Methodology: This study employs a qualitative, design-based research approach situated within an educational and community-engaged framework. Methods include precedent analysis, community needs assessment, values mapping, and iterative design development informed by stakeholder narratives, observational analysis, and reflective design documentation. The project integrates urban agriculture, communal gathering spaces, and multipurpose learning environments to support both formal and informal educational activities including design of an outdoor educational classroom where children and adults can take classes on sustainable crop production to bee keeping and honey making, or organic vegetable growing. A large community kitchen was also designed where the community members can learn how to prepare healthy food that they cultivated themselves, and also designed a community library designed to provide healthy food recipes that they can borrow, copy, and utilize in their own home or in the community kitchen. Regenerative design strategies guided by cradle-to-cradle principles were incorporated, and the concept of sweat equity was embedded as a participatory learning mechanism enabling residents to develop food literacy, environmental awareness, and collaborative skills.
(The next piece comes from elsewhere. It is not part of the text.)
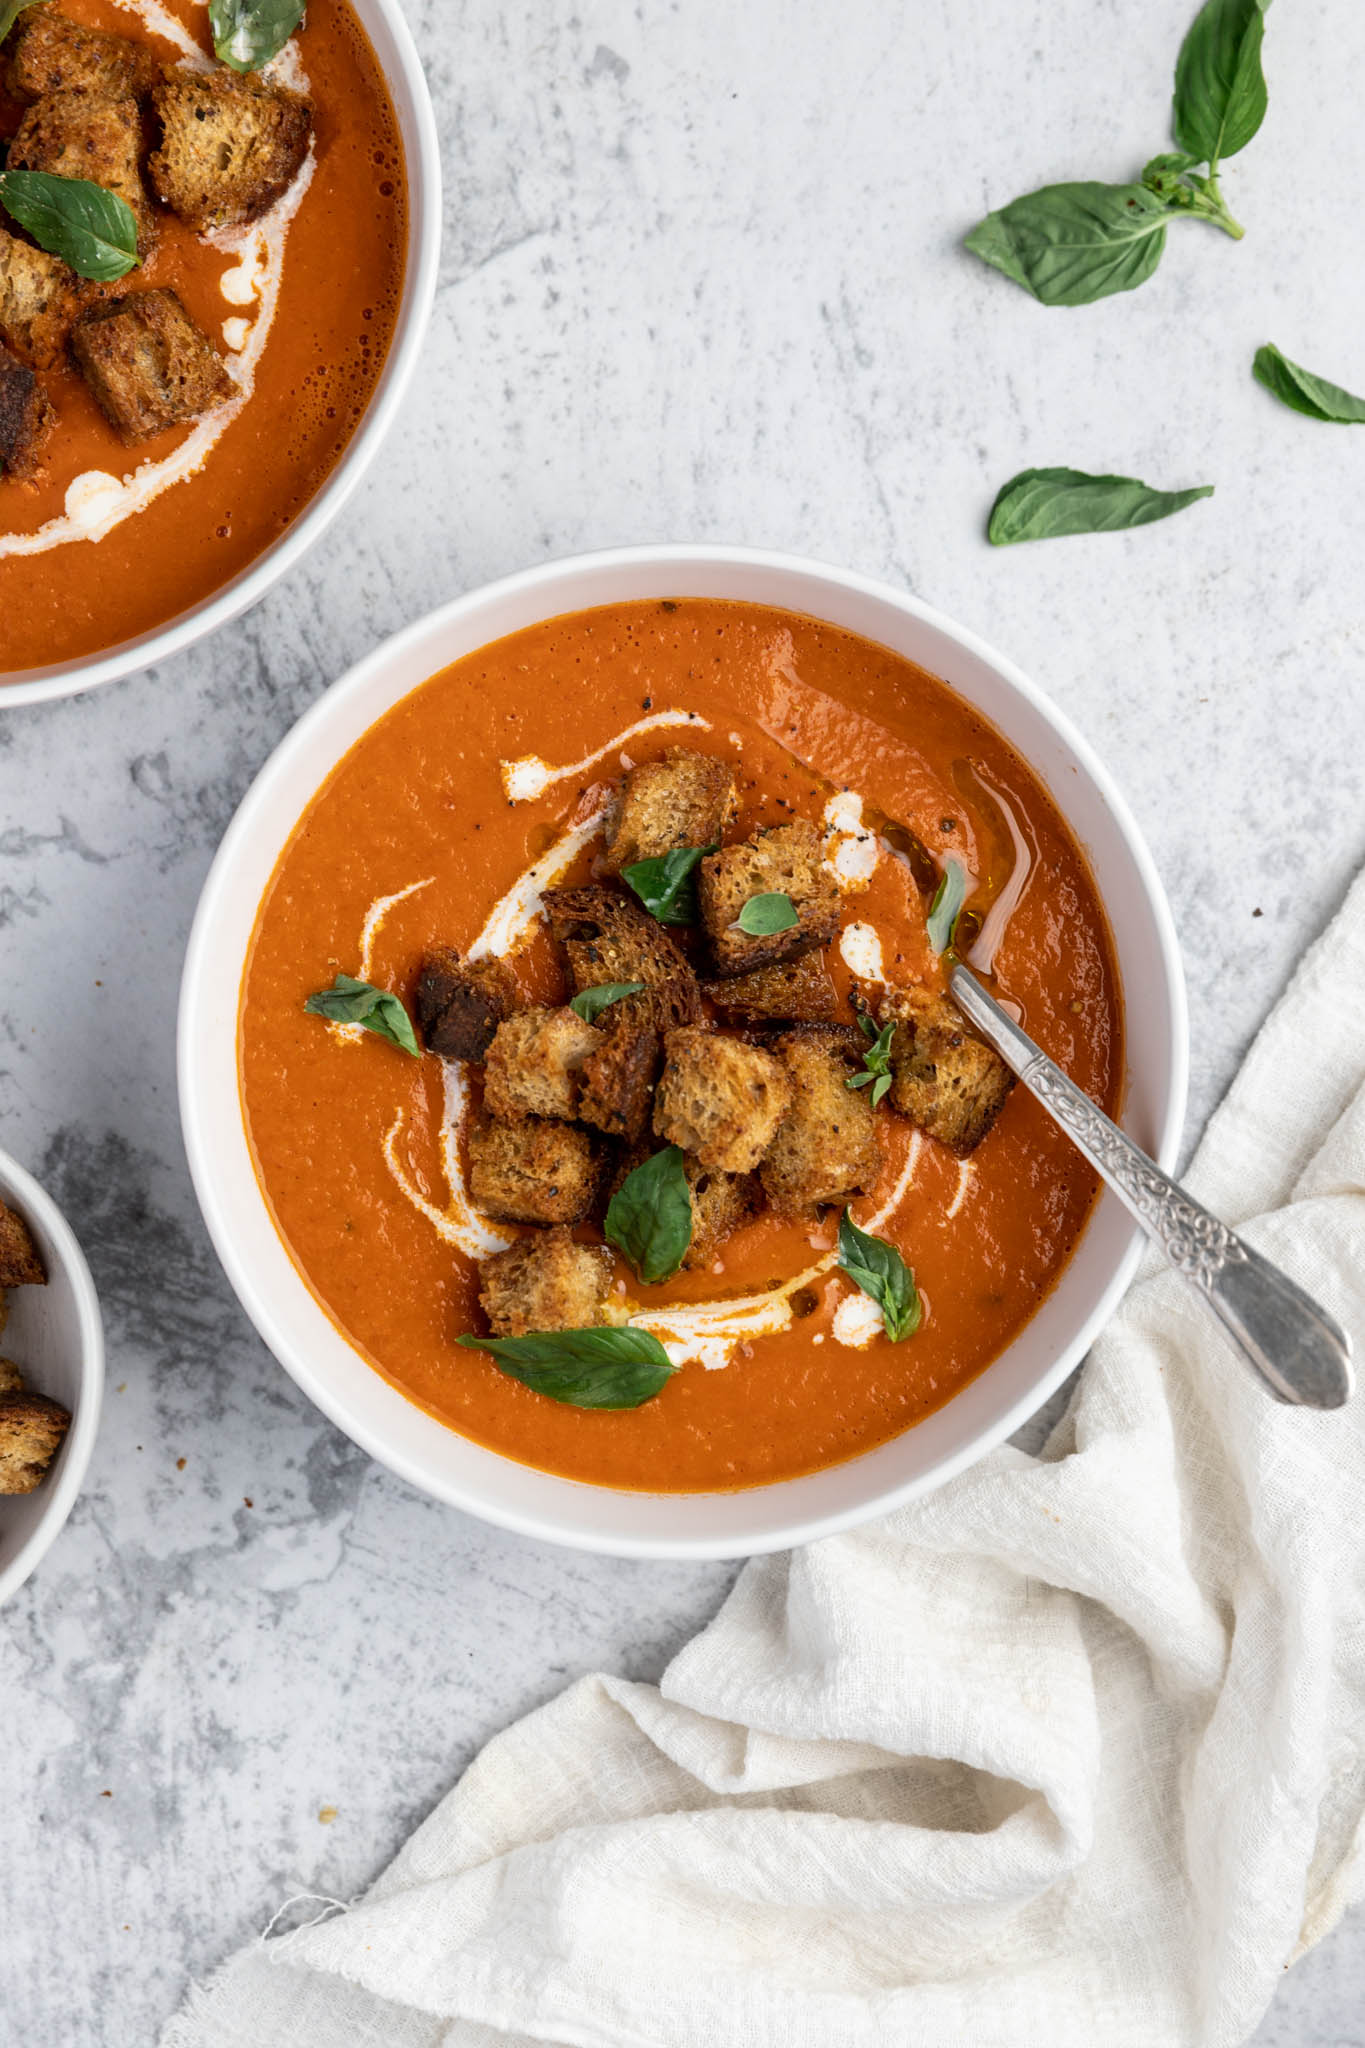 La meilleure recette de soupe tomate et basilic!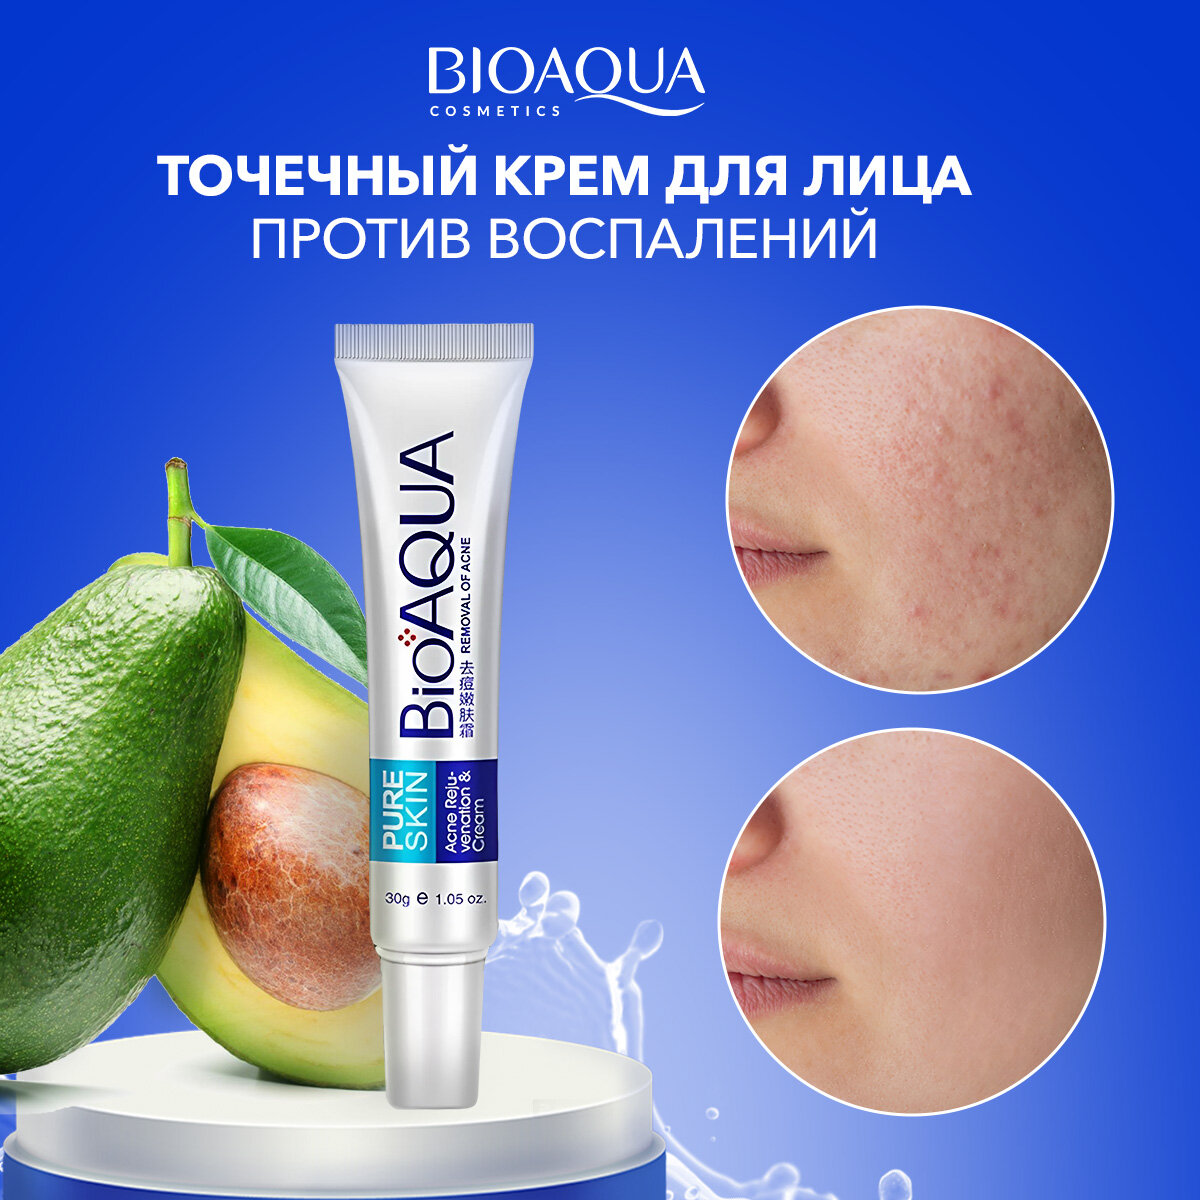 BioAqua Концентрированный крем от прыщей и акне для точечного применения Pure Skin, 30 мл

Results: The design outcomes demonstrate that food-centered community architecture can function as an educational platform that supports experiential, place-based learning and intergenerational knowledge exchange. Qualitative findings indicate increased perceptions of ownership, agency, and social cohesion among participants, alongside strengthened understanding of sustainable food systems and collective stewardship. The integration of learning-through-doing activities—such as cultivation, food preparation, and shared programming—emerged as a key factor in reinforcing both educational and social outcomes.
Conclusions: The Harvest Table proposes a transferable model that positions food access as a catalyst for education, empowerment, and community resilience. By aligning architectural design with experiential learning and participatory engagement, the project contributes to international discourse on educational innovation and demonstrates how design education can meaningfully address complex societal challenges. The framework offers actionable insights for educators, designers, and institutions seeking to integrate sustainability, social equity, and community-based learning within design and interdisciplinary curricula.Keywords:
Social Sustainability, Community Center, Food Desert, Food Insecurity, Affordable Food, Social Isolation, Green Sapce Design, Community Garden Design, Well-being, Food Collaborative, Community Engagement, Empowerment, Learning Space, Social Intrastructure, Cradle to Cradle principles.